Preferably, the number of the voice recognition units is plural.
The invention also provides a method for carrying out voice recognition training by using the system, which is characterized by comprising the following steps: the method comprises the following steps:
a characteristic extraction step: carrying out feature extraction on voice information to be recognized;
a voice recognition step: carrying out voice recognition on the input voice information to be recognized to obtain a recognition result;
and (3) correcting: the system compares the voice information to be recognized with the recognition result through pre-labeling of the voice information to be recognized, constructs the loss function, and finally corrects the voice recognition unit and the feature extraction unit step by step through step reverse conduction of the loss function;
the loss function is formed by the sum of at least two different types of loss functions.
Preferably, the two different types of loss functions are respectively: a homophonic loss function and an approximate loss function.
Preferably, the loss function further comprises a sentence loss function representing a probability of an ambiguity-prone sentence occurrence recognition error.
The invention points of the invention include but are not limited to the following points:
(1) the invention proposes that the loss function is expressed by the sum of the same loss function and the approximate loss function; the problem of different types of errors in speech recognition can be solved by setting the weight between the two under different conditions; the classification can also be limited to the field of common words according to actual conditions.
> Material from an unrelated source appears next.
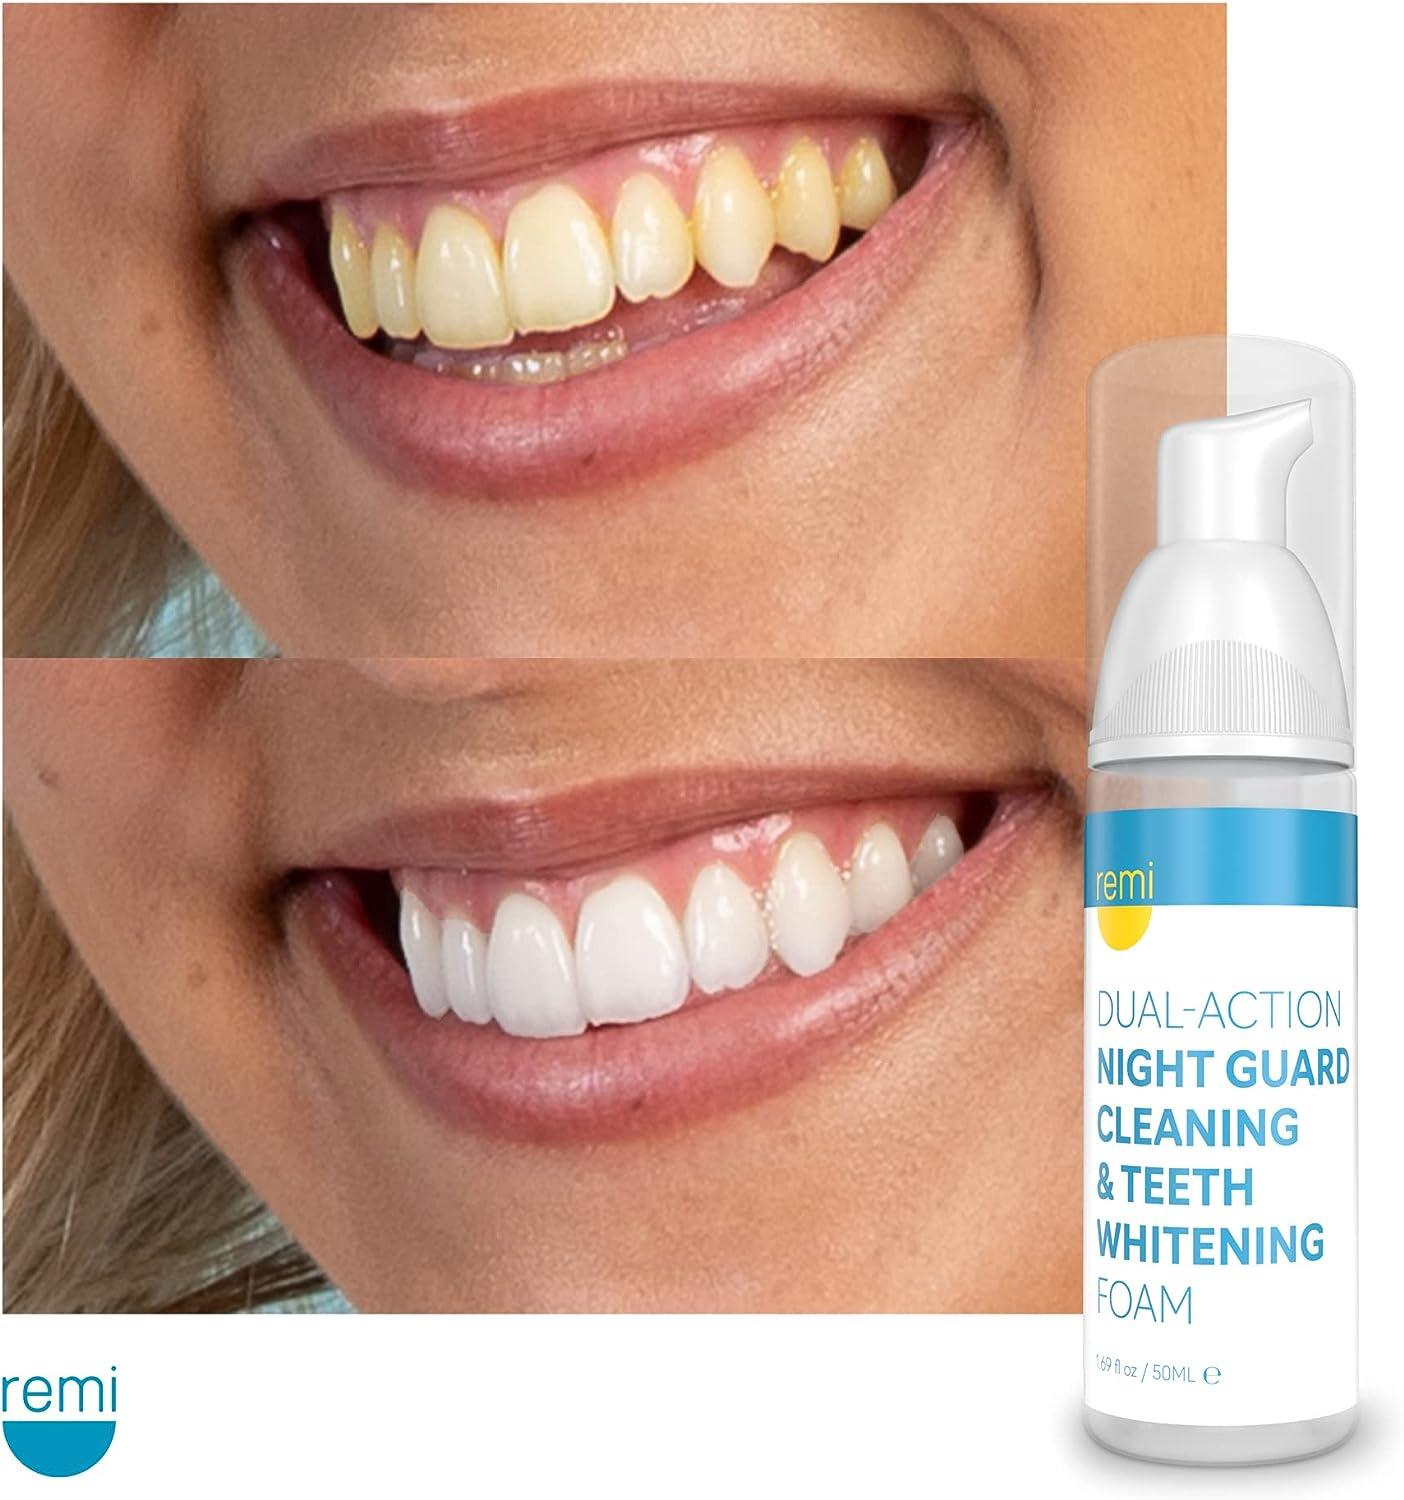 Whitening Mouth Guards - Teeth Whitening
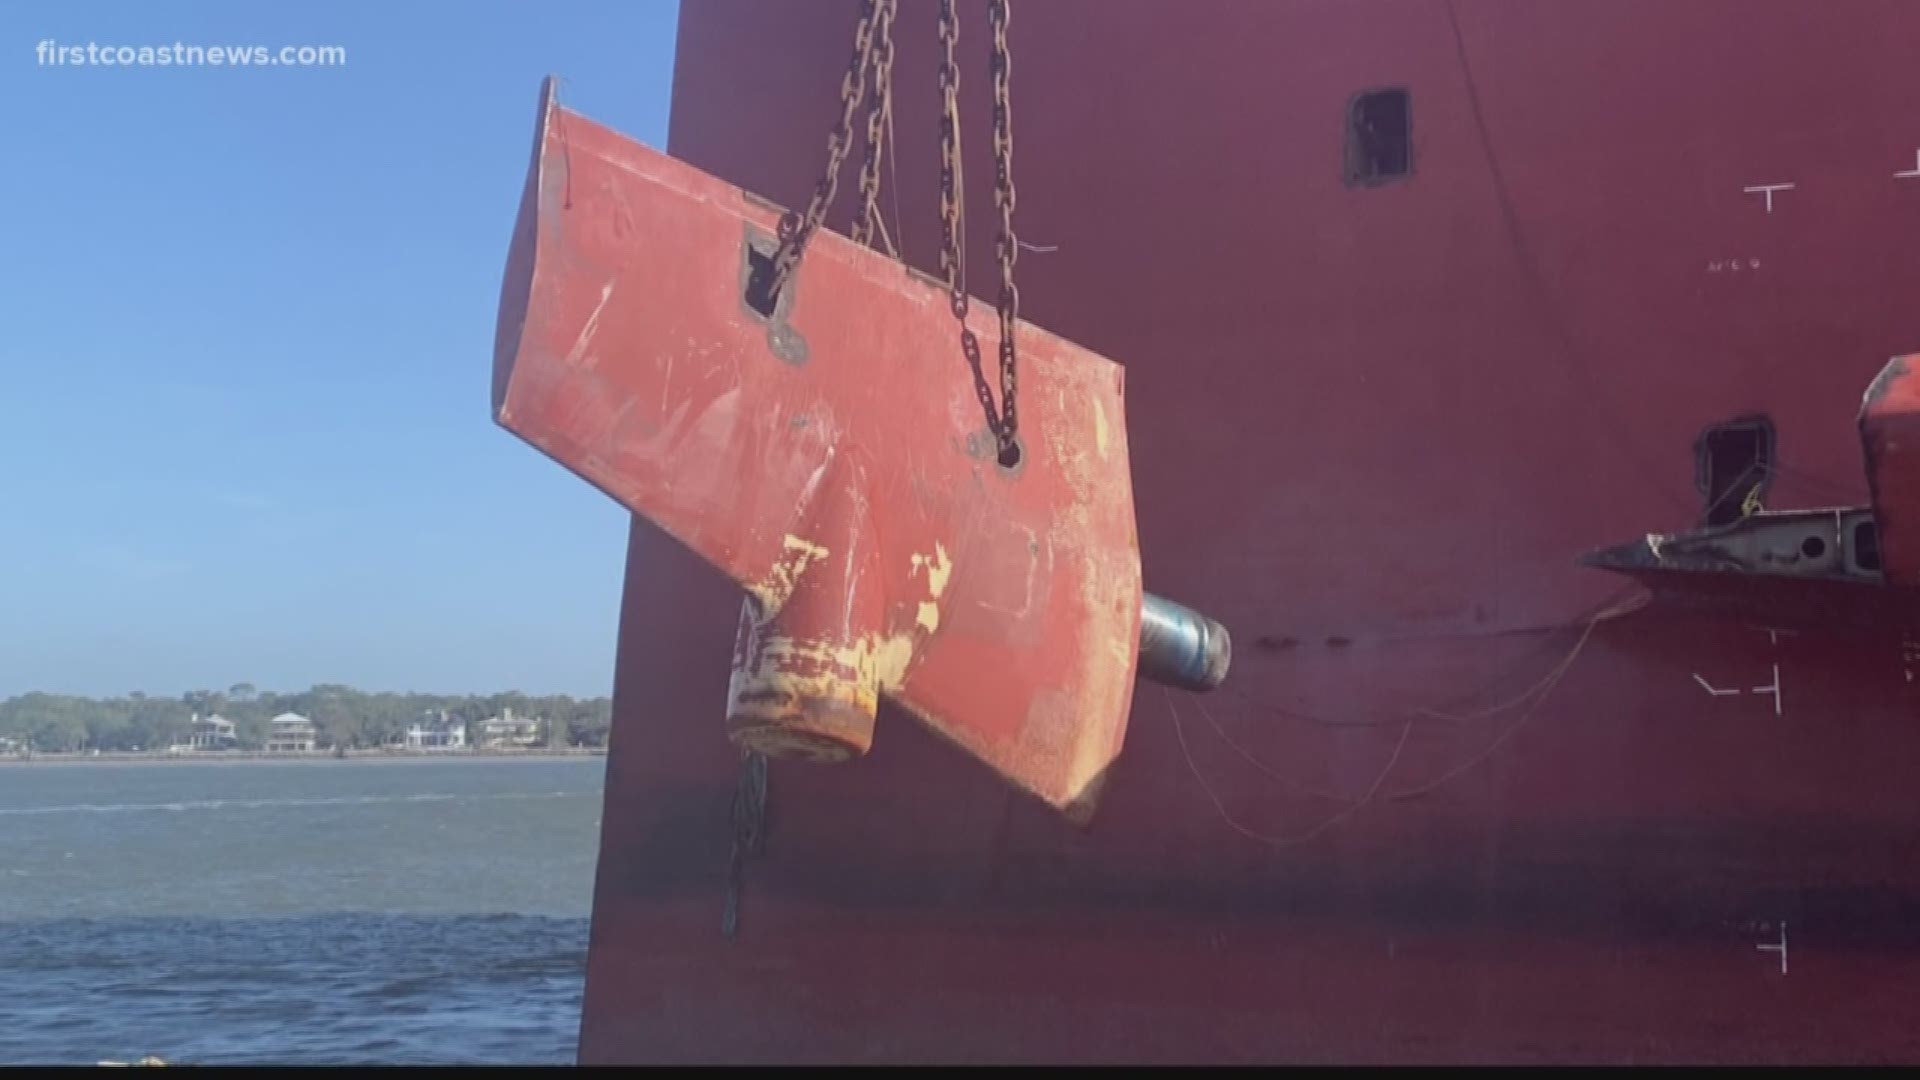 After the propeller, propeller shaft and rudder were removed from the Golden Ray, an expert says the focus now shifts to preparing the ship for being taken apart.

(2) The loss functions of the present invention may also include sentence loss functions that provide the accuracy and speed of the training system for sentences that are prone to ambiguity.
(3) The invention can also use a plurality of voice recognition units, namely two recurrent neural networks, and the two can respectively work in a targeted manner, thereby improving the working efficiency.
Drawings
FIG. 1 is a speech recognition training structure based on deep learning in embodiment 1 of the present invention;
fig. 2 is a speech recognition training structure based on deep learning in embodiment 2 of the present invention.
Detailed Description
The technical scheme of the invention is further explained by the specific implementation mode in combination with the attached drawings.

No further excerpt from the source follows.